Problem details >> Your task is to transcribe the data exactly while omitting each picture.

*** Opening of Data below ***

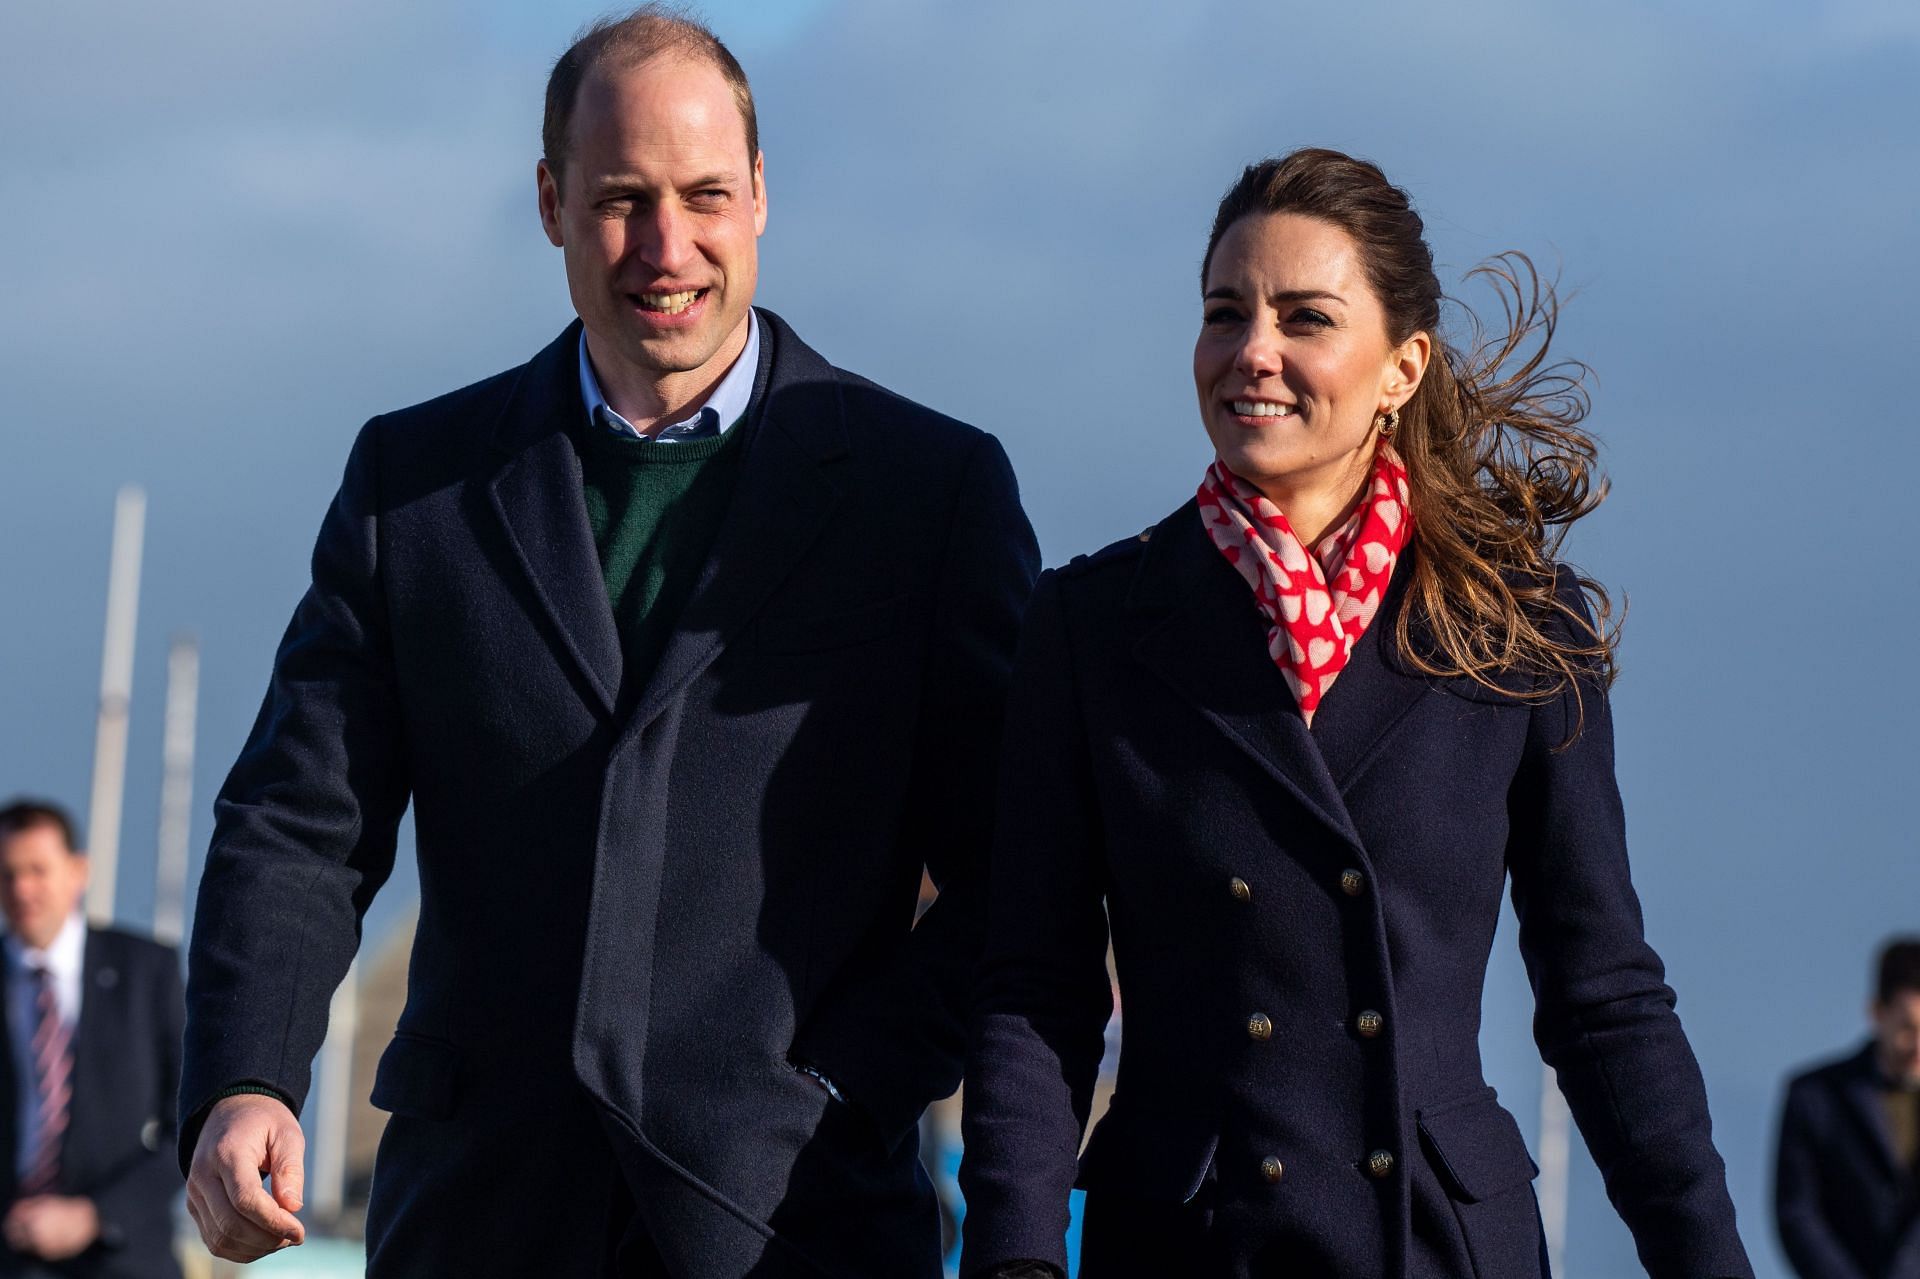 The Duke And Duchess Of Cambridge Visit South Wales (Image via Getty)
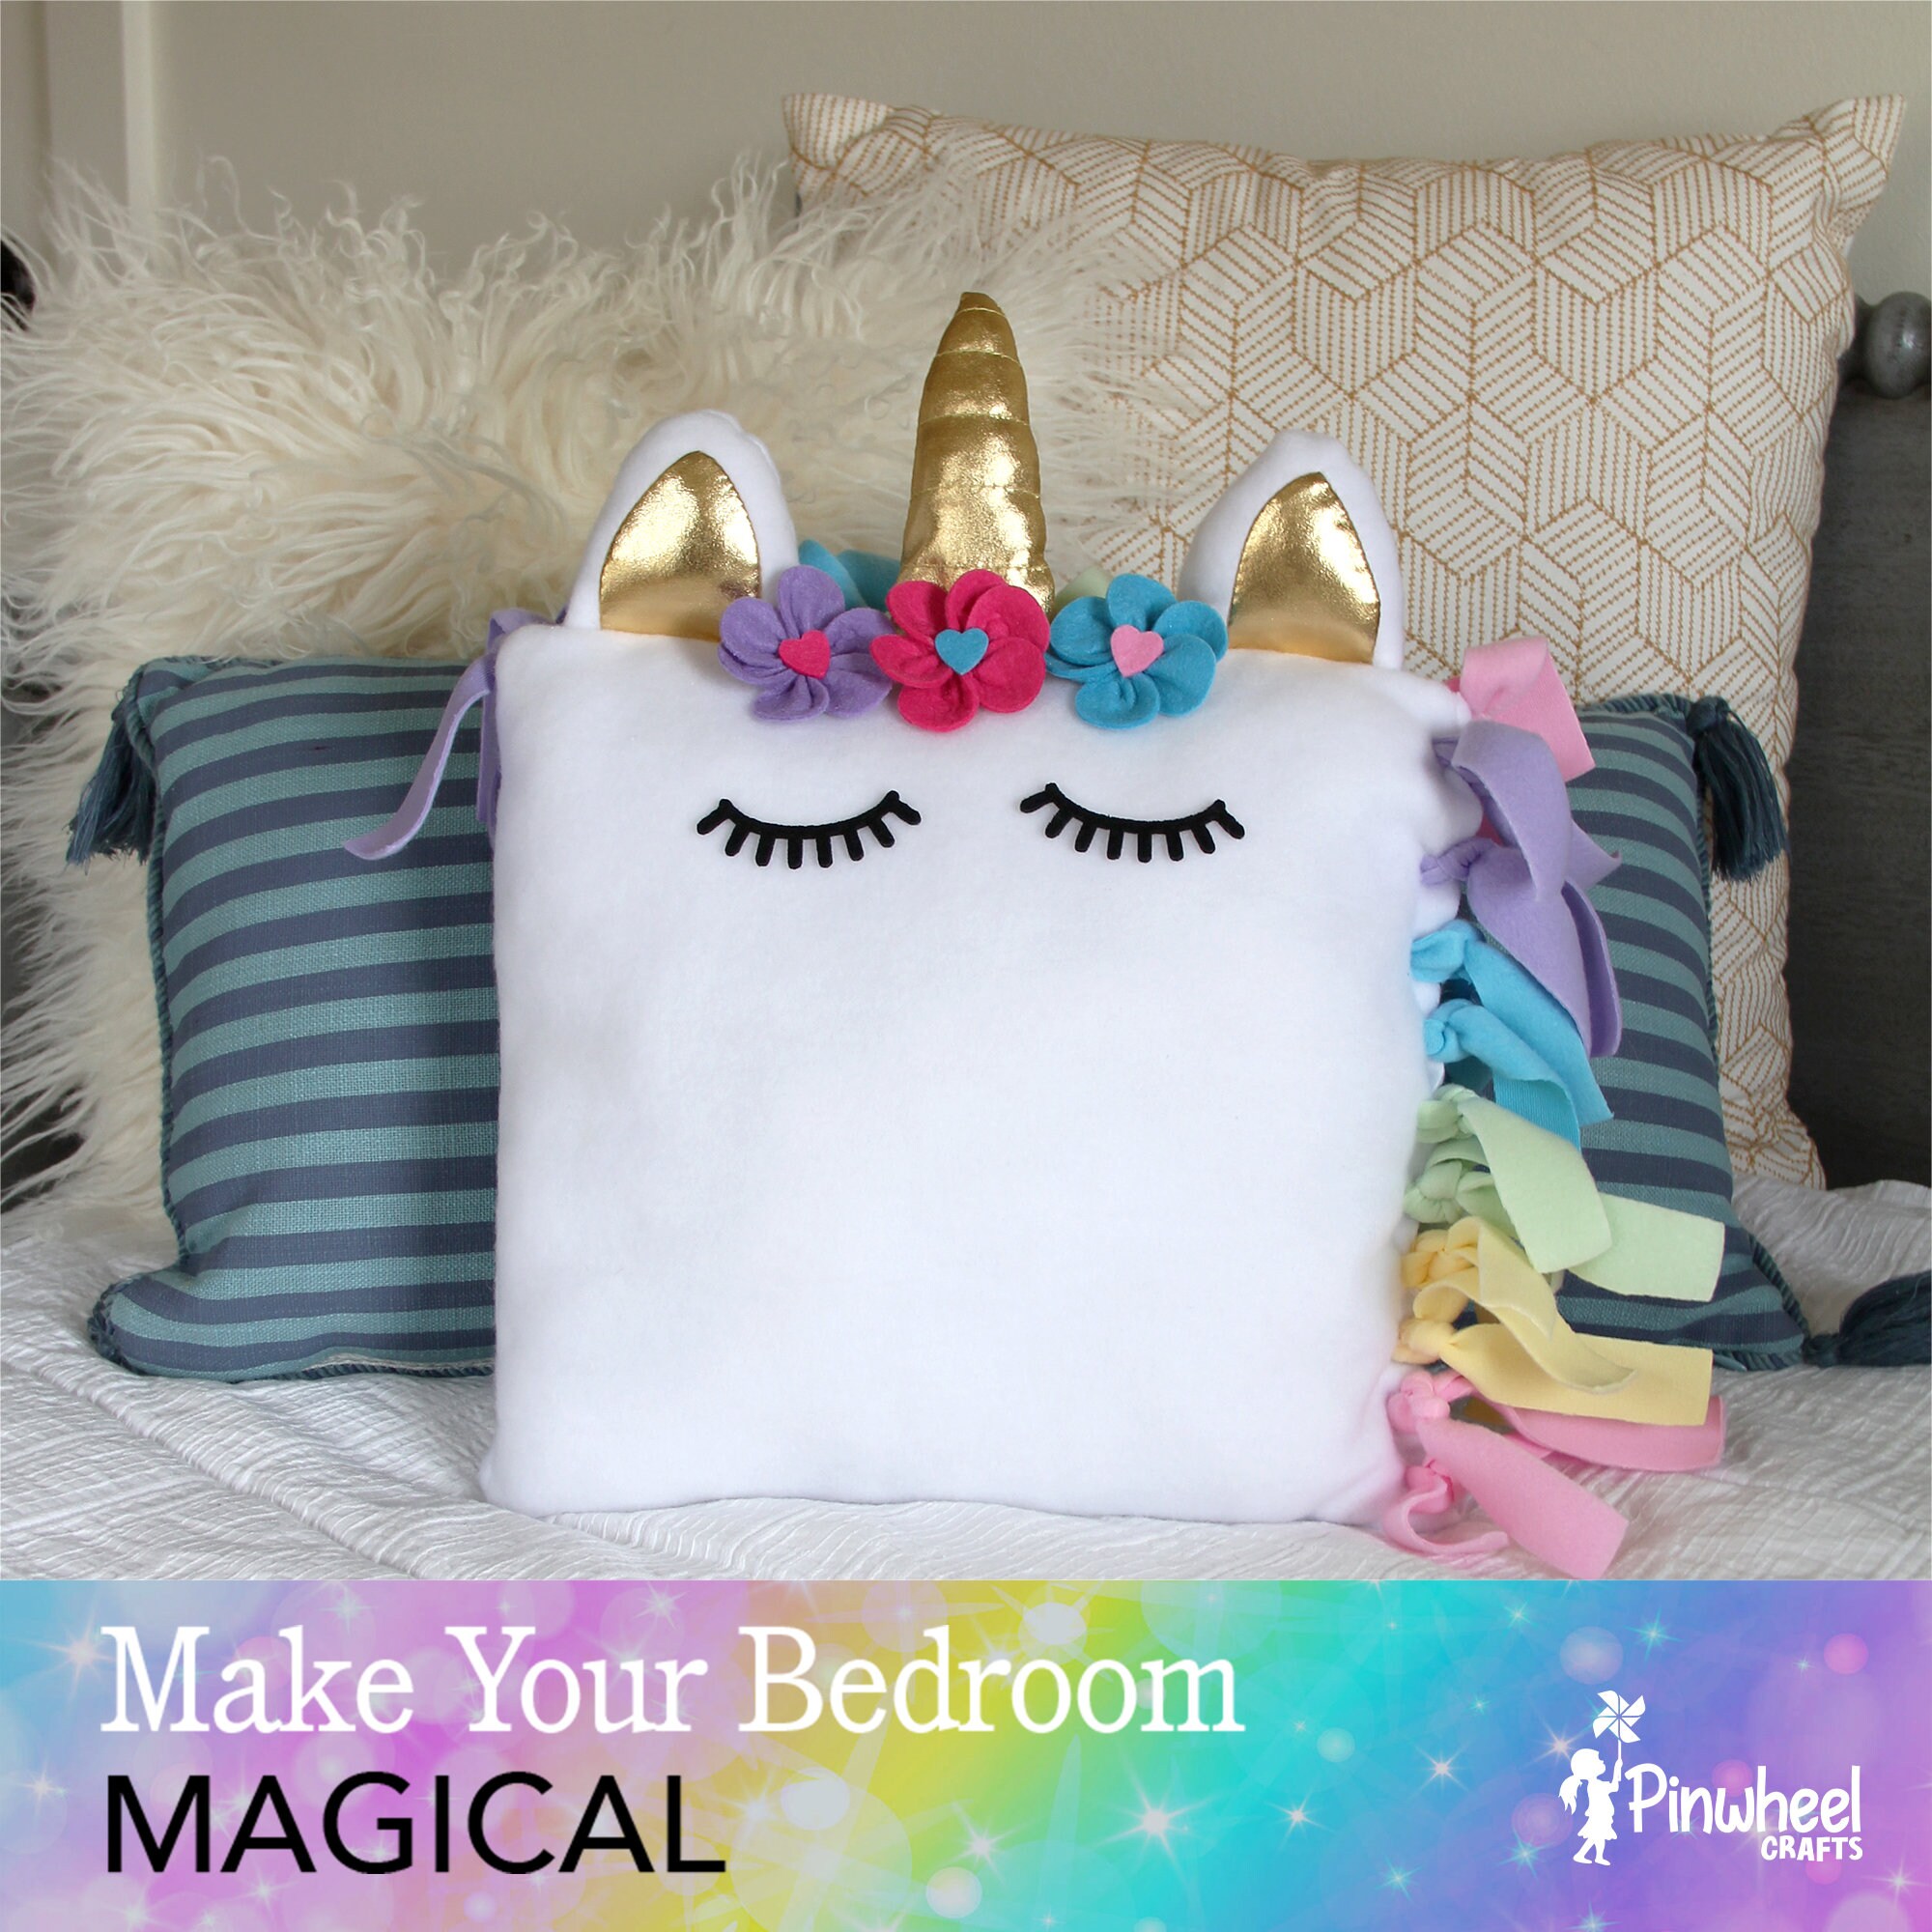 thinkstar Unicorn Pillow Kit - No Sew Unicorn Craft Kit - Gifts For Girls, Arts  And Crafts For Kids Ages 8-12 - Unicorn Toys For 6 Y…
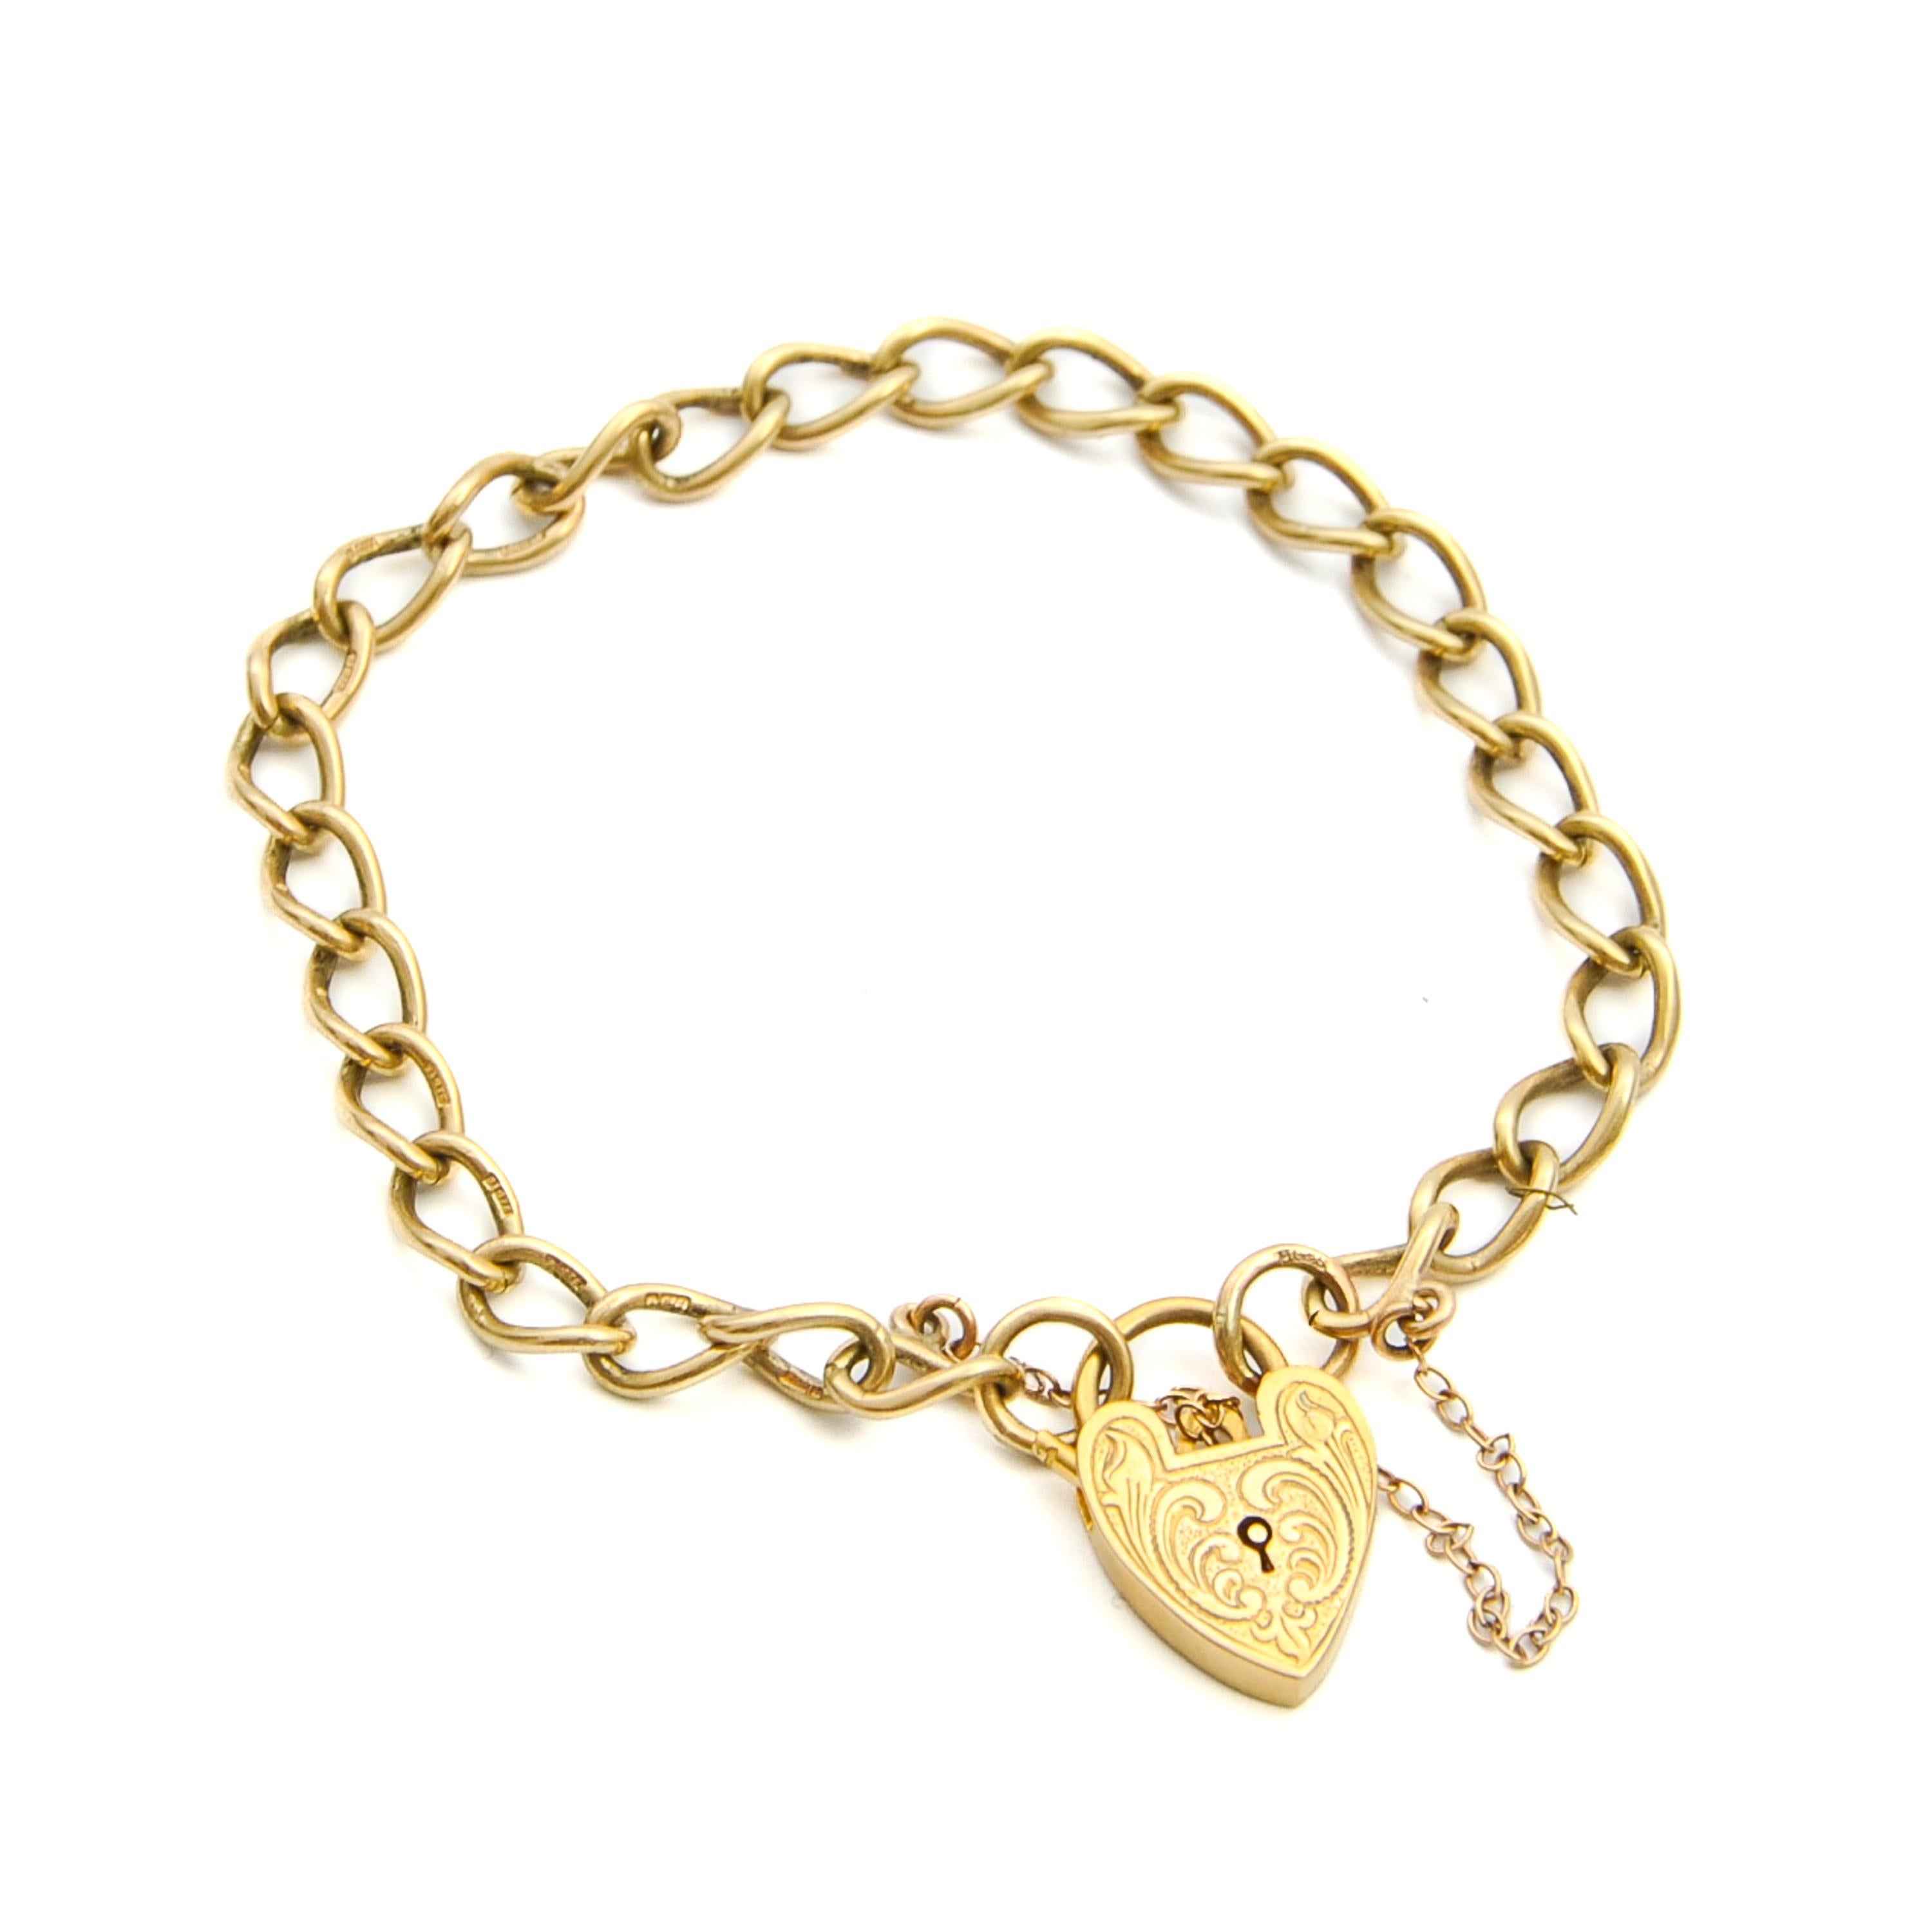 A lovely padlock curb chain charms bracelet set with an engraved heart closure. The curb chain and heart are created in 9 karat gold. The heart-shaped padlock has beautiful engravings on the front and is fitted with a safety chain. The bracelet set

*** Close of Data below ***

Solution for this exercise >>
 The Duke And Duchess Of Cambridge Visit South Wales (Image via Getty)
 thinkstar Unicorn Pillow Kit - No Sew Unicorn Craft Kit - Gifts For Girls, Arts  And Crafts For Kids Ages 8-12 - Unicorn Toys For 6 Y…
 A lovely padlock curb chain charms bracelet set with an engraved heart closure. The curb chain and heart are created in 9 karat gold. The heart-shaped padlock has beautiful engravings on the front and is fitted with a safety chain. The bracelet set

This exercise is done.